▶ **Supplied material**
▬▬▬

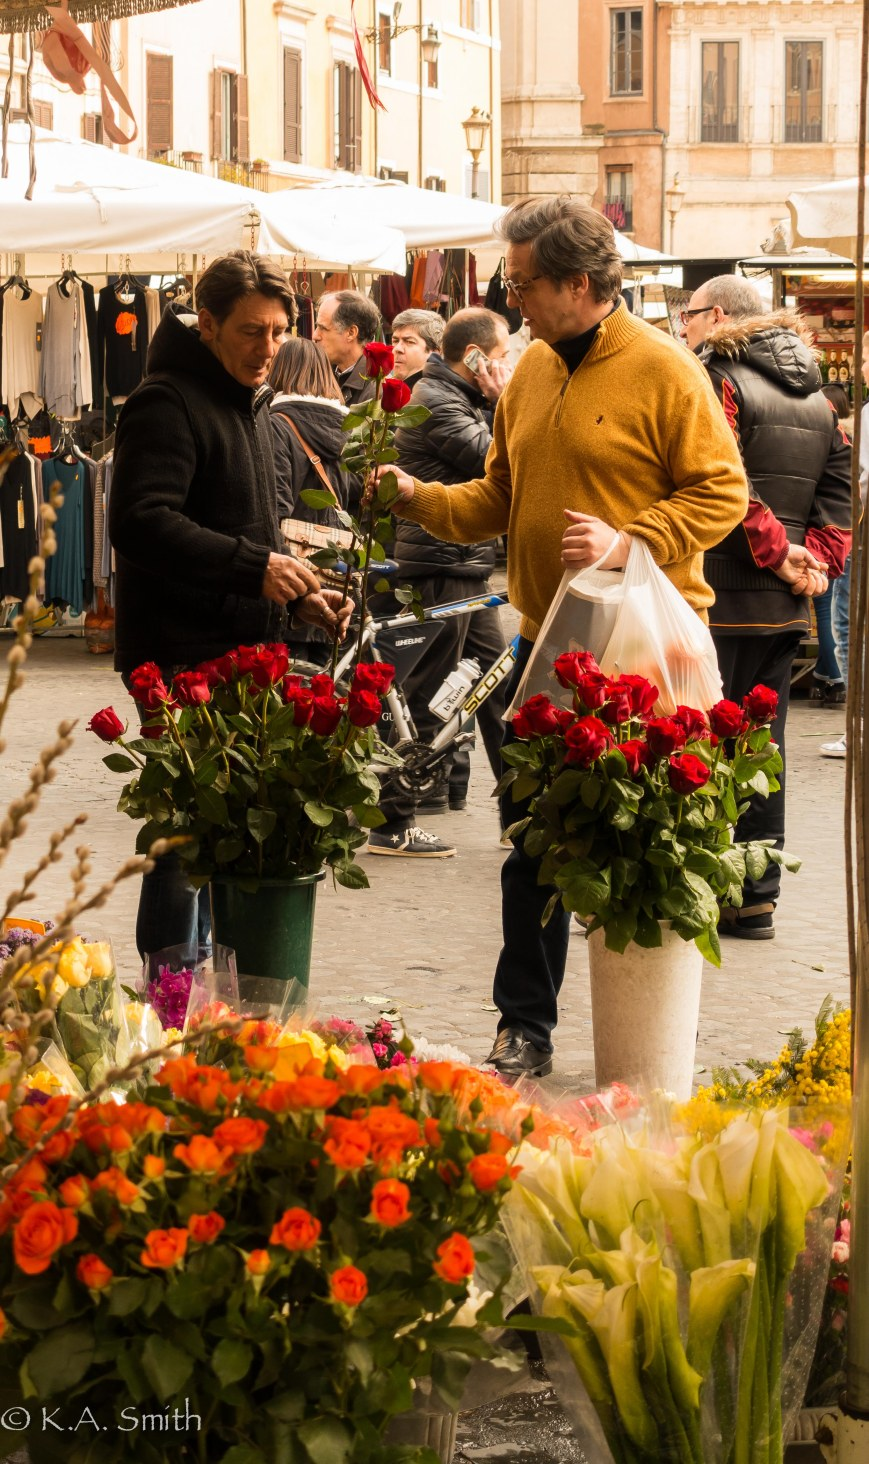 Saint Valentine's Day transactions
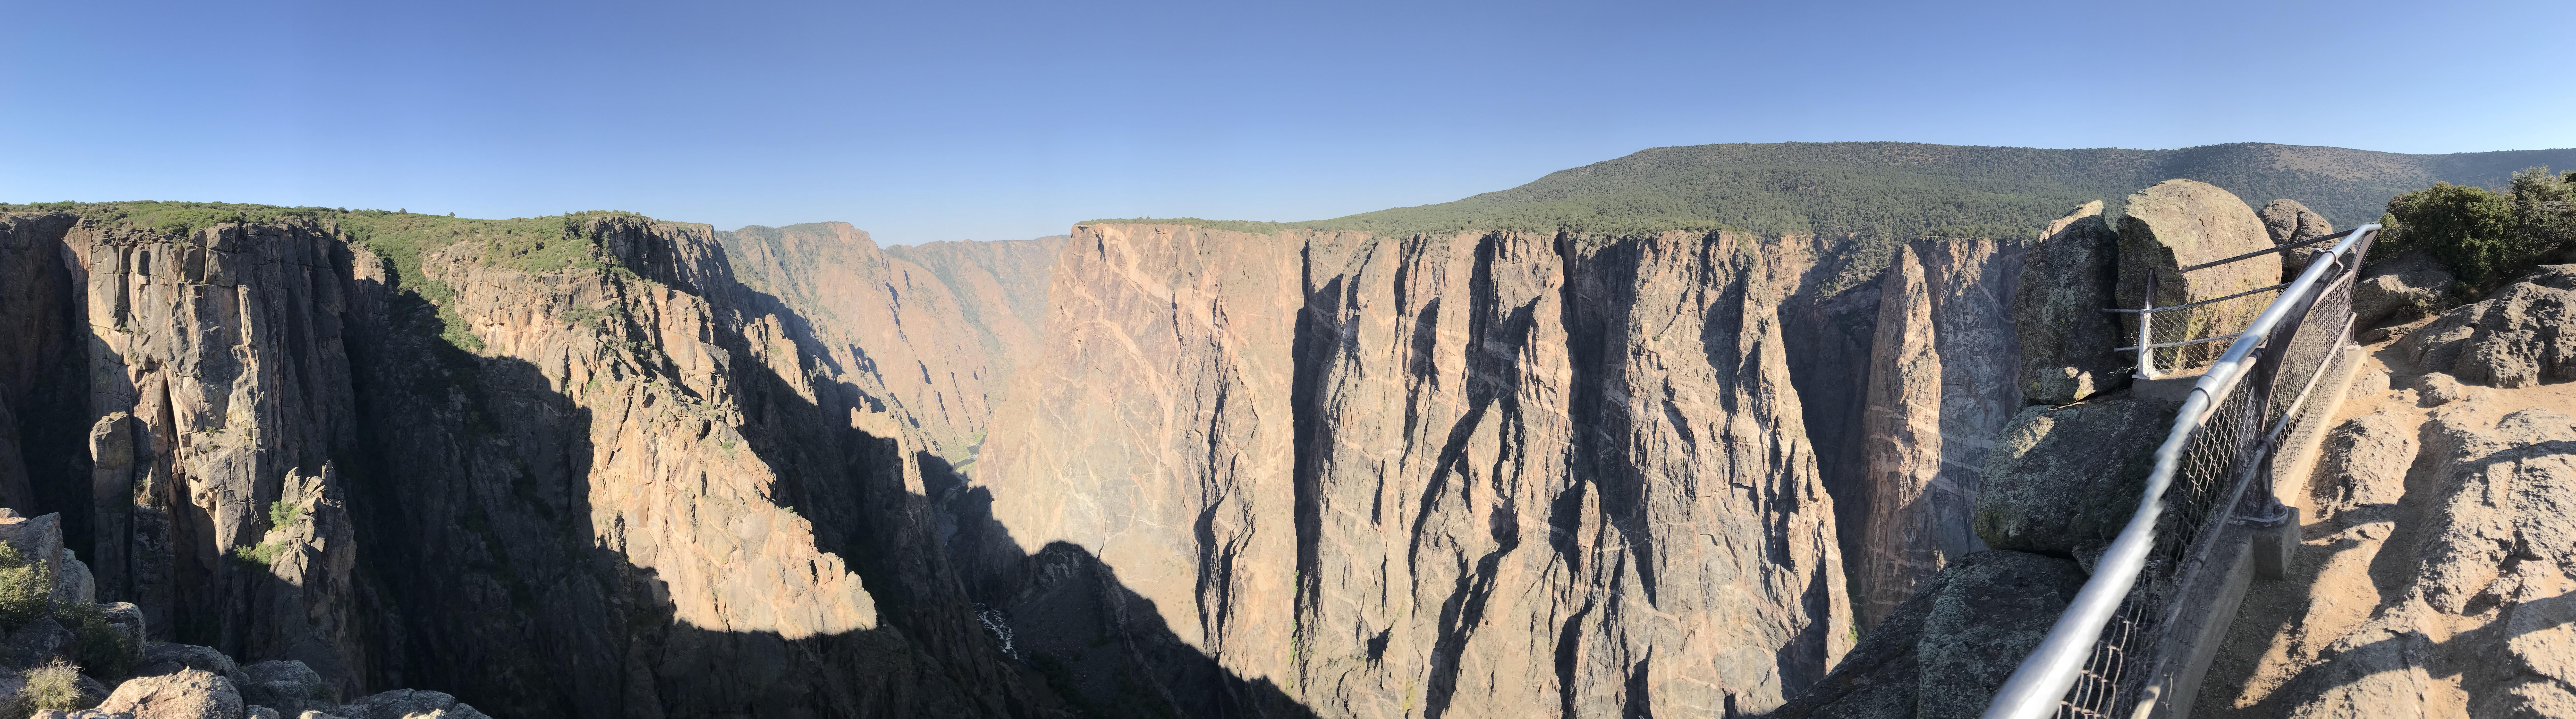 Black Canyon Painted Wall
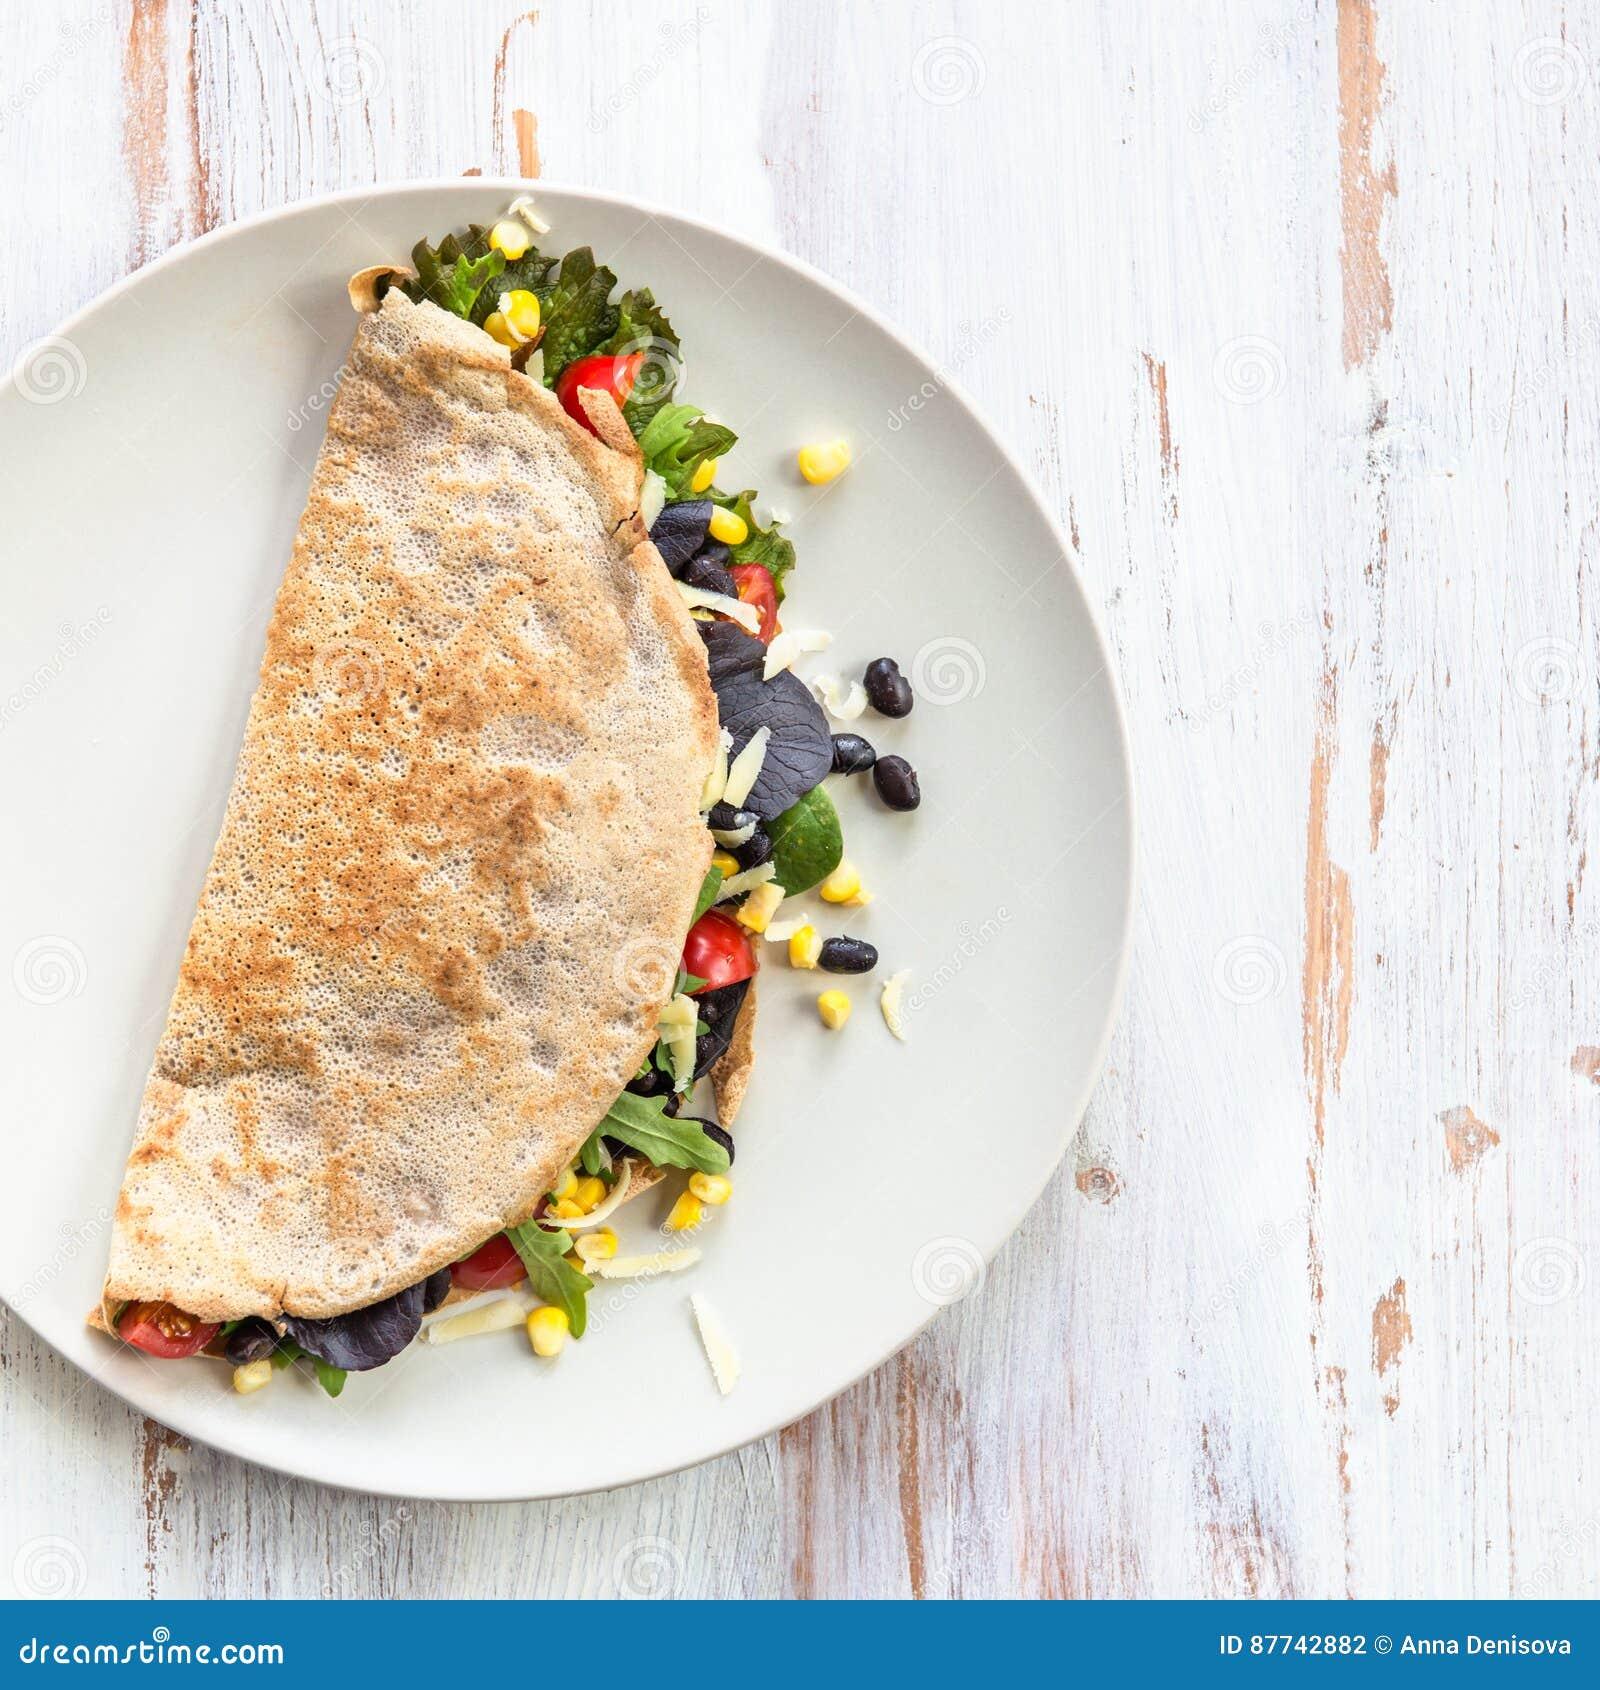 Savoury Buckwheat Pancake Or Quesadilla Stock Photo Image Of Black Cheese 87742882
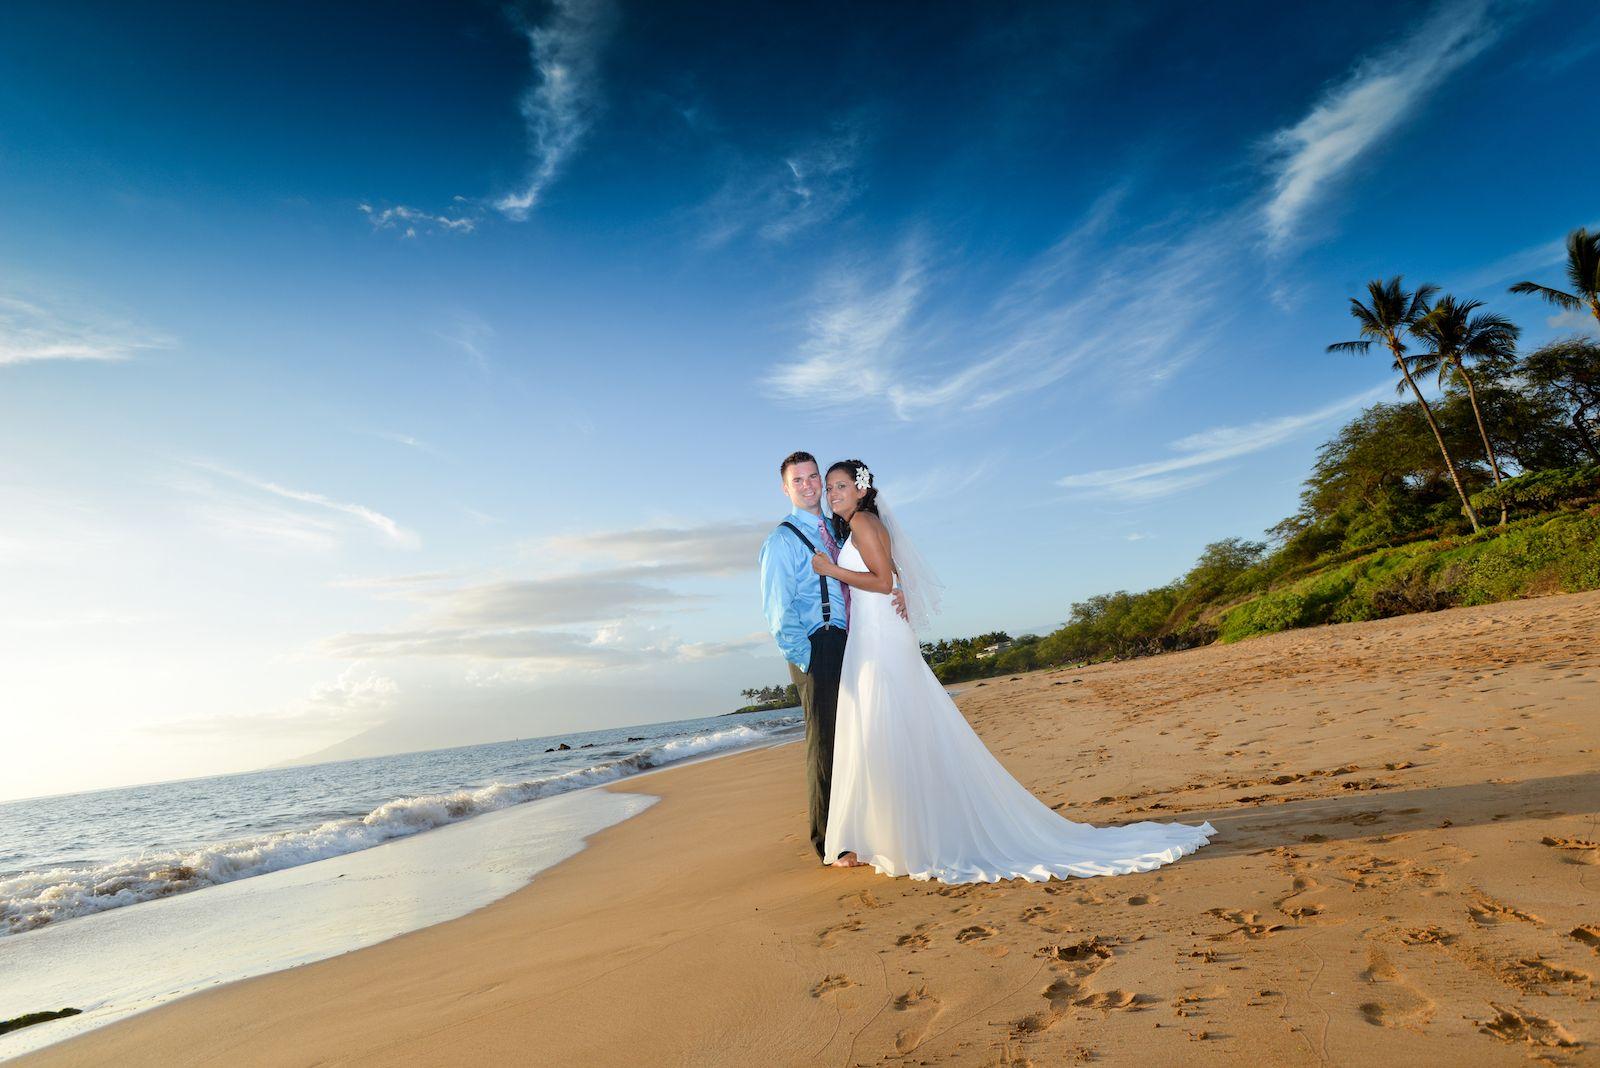 Maui & Big Island Beach Weddings & Vow Renewals - Stress Free ...

▬▬▬

Please set down each line of the listing above word for word, skipping any pictures.

▶ **Answer**
 Saint Valentine's Day transactions
 Black Canyon Painted Wall
 Savoury Buckwheat Pancake Or Quesadilla Stock Photo Image Of Black Cheese 87742882
 Maui & Big Island Beach Weddings & Vow Renewals - Stress Free ...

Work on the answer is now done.